🦙 LlamaIndex Query Engine Agent 🤖

🚀 Introduction

Welcome to the LlamaIndex Query Engine Agent! This project showcases a powerful and flexible framework that leverages LlamaIndex and large language models (LLMs) to create a versatile question-answering system. While this example implementation focuses on the fictional NeoGadget X1 product, the underlying architecture is designed to be easily adaptable to various domains and data sources.

The agent demonstrates the capability to handle complex queries, interact with multiple data formats (including structured and unstructured data), and provide accurate, context-aware responses.
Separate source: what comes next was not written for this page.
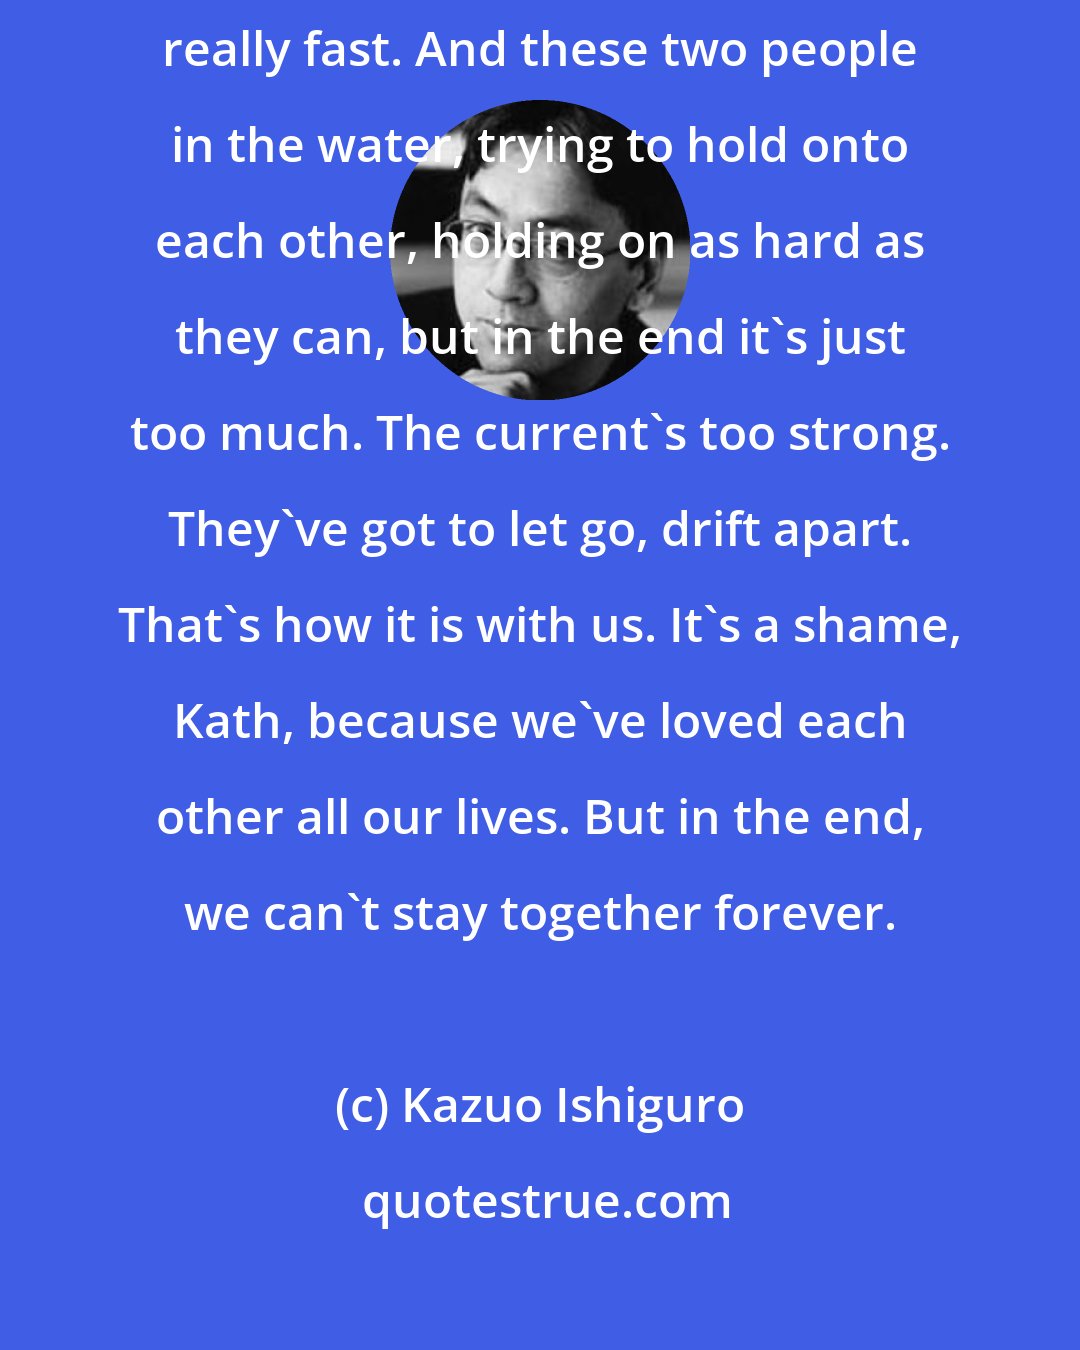 Kazuo Ishiguro: I keep thinking about this river somewhere, with the water moving really fast. And these two people in the water, trying to hold onto each other, holding on as hard as they can, but in the end it's just too much. The current's too strong. They've got to let go, drift apart. That's how it is with us. It's a shame, Kath, because we've loved each other all our lives. But in the end, we can't stay together forever.

The modular design allows for seamless integration of new data sources, making it an ideal starting point for building sophisticated AI-powered information retrieval systems across diverse industries and use cases.

Whether you're looking to create a customer support chatbot, a research assistant, or a domain-specific knowledge base, this LlamaIndex Query Engine Agent provides a robust foundation that can be customized to meet your specific needs. By showcasing best practices in LLM application development, data integration, and query processing, this project serves as both a practical tool and a learning resource for developers exploring the cutting edge of AI-assisted information systems.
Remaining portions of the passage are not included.